WHAT YOU NEED TO DO:
Reproduce the entries exactly. Omit none of them.

┄┄┄┄┄┄┄┄┄┄

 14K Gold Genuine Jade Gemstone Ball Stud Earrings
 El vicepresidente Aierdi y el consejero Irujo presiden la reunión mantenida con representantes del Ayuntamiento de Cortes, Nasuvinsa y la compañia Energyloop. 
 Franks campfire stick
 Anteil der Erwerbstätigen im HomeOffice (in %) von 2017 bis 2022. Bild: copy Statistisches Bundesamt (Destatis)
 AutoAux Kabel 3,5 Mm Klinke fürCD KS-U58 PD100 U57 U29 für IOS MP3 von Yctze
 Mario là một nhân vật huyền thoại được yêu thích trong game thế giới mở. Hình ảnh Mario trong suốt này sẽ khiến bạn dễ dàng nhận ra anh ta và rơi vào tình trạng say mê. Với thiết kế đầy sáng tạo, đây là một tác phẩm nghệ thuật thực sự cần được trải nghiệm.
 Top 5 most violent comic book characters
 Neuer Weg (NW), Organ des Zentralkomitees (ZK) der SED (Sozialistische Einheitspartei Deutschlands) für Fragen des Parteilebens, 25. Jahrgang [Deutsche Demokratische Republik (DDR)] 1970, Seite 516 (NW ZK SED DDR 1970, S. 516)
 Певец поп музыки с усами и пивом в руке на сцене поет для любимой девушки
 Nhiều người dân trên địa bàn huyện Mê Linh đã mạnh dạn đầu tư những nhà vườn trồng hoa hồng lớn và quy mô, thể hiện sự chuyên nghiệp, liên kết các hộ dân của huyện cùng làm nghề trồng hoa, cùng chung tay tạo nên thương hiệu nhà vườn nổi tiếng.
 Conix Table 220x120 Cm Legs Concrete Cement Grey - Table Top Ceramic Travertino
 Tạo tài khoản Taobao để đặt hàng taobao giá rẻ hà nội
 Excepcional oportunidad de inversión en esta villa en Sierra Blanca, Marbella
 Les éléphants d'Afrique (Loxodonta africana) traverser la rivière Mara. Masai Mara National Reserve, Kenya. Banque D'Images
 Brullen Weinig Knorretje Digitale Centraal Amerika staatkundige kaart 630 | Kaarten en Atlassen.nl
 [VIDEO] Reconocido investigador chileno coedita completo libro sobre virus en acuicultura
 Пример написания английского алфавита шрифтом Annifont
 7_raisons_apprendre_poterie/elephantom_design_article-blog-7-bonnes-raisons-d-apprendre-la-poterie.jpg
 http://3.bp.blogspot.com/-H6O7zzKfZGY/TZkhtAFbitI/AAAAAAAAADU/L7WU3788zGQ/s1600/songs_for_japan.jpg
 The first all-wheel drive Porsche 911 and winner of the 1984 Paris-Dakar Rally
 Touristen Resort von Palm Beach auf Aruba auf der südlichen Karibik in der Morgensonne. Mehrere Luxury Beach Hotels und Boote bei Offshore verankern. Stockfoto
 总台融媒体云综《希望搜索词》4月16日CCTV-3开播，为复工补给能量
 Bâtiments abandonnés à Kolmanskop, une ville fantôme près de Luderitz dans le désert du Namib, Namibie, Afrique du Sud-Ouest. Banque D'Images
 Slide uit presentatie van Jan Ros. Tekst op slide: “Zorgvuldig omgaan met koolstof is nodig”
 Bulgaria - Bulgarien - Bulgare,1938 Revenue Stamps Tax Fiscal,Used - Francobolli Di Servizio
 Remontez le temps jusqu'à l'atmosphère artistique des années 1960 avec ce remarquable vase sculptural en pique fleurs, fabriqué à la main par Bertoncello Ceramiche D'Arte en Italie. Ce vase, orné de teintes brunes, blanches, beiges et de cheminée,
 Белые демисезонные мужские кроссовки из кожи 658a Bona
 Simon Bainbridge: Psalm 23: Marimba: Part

┄┄┄┄┄┄┄┄┄┄

RESULT:
 14K Gold Genuine Jade Gemstone Ball Stud Earrings
 El vicepresidente Aierdi y el consejero Irujo presiden la reunión mantenida con representantes del Ayuntamiento de Cortes, Nasuvinsa y la compañia Energyloop. 
 Franks campfire stick
 Anteil der Erwerbstätigen im HomeOffice (in %) von 2017 bis 2022. Bild: copy Statistisches Bundesamt (Destatis)
 AutoAux Kabel 3,5 Mm Klinke fürCD KS-U58 PD100 U57 U29 für IOS MP3 von Yctze
 Mario là một nhân vật huyền thoại được yêu thích trong game thế giới mở. Hình ảnh Mario trong suốt này sẽ khiến bạn dễ dàng nhận ra anh ta và rơi vào tình trạng say mê. Với thiết kế đầy sáng tạo, đây là một tác phẩm nghệ thuật thực sự cần được trải nghiệm.
 Top 5 most violent comic book characters
 Neuer Weg (NW), Organ des Zentralkomitees (ZK) der SED (Sozialistische Einheitspartei Deutschlands) für Fragen des Parteilebens, 25. Jahrgang [Deutsche Demokratische Republik (DDR)] 1970, Seite 516 (NW ZK SED DDR 1970, S. 516)
 Певец поп музыки с усами и пивом в руке на сцене поет для любимой девушки
 Nhiều người dân trên địa bàn huyện Mê Linh đã mạnh dạn đầu tư những nhà vườn trồng hoa hồng lớn và quy mô, thể hiện sự chuyên nghiệp, liên kết các hộ dân của huyện cùng làm nghề trồng hoa, cùng chung tay tạo nên thương hiệu nhà vườn nổi tiếng.
 Conix Table 220x120 Cm Legs Concrete Cement Grey - Table Top Ceramic Travertino
 Tạo tài khoản Taobao để đặt hàng taobao giá rẻ hà nội
 Excepcional oportunidad de inversión en esta villa en Sierra Blanca, Marbella
 Les éléphants d'Afrique (Loxodonta africana) traverser la rivière Mara. Masai Mara National Reserve, Kenya. Banque D'Images
 Brullen Weinig Knorretje Digitale Centraal Amerika staatkundige kaart 630 | Kaarten en Atlassen.nl
 [VIDEO] Reconocido investigador chileno coedita completo libro sobre virus en acuicultura
 Пример написания английского алфавита шрифтом Annifont
 7_raisons_apprendre_poterie/elephantom_design_article-blog-7-bonnes-raisons-d-apprendre-la-poterie.jpg
 http://3.bp.blogspot.com/-H6O7zzKfZGY/TZkhtAFbitI/AAAAAAAAADU/L7WU3788zGQ/s1600/songs_for_japan.jpg
 The first all-wheel drive Porsche 911 and winner of the 1984 Paris-Dakar Rally
 Touristen Resort von Palm Beach auf Aruba auf der südlichen Karibik in der Morgensonne. Mehrere Luxury Beach Hotels und Boote bei Offshore verankern. Stockfoto
 总台融媒体云综《希望搜索词》4月16日CCTV-3开播，为复工补给能量
 Bâtiments abandonnés à Kolmanskop, une ville fantôme près de Luderitz dans le désert du Namib, Namibie, Afrique du Sud-Ouest. Banque D'Images
 Slide uit presentatie van Jan Ros. Tekst op slide: “Zorgvuldig omgaan met koolstof is nodig”
 Bulgaria - Bulgarien - Bulgare,1938 Revenue Stamps Tax Fiscal,Used - Francobolli Di Servizio
 Remontez le temps jusqu'à l'atmosphère artistique des années 1960 avec ce remarquable vase sculptural en pique fleurs, fabriqué à la main par Bertoncello Ceramiche D'Arte en Italie. Ce vase, orné de teintes brunes, blanches, beiges et de cheminée,
 Белые демисезонные мужские кроссовки из кожи 658a Bona
 Simon Bainbridge: Psalm 23: Marimba: Part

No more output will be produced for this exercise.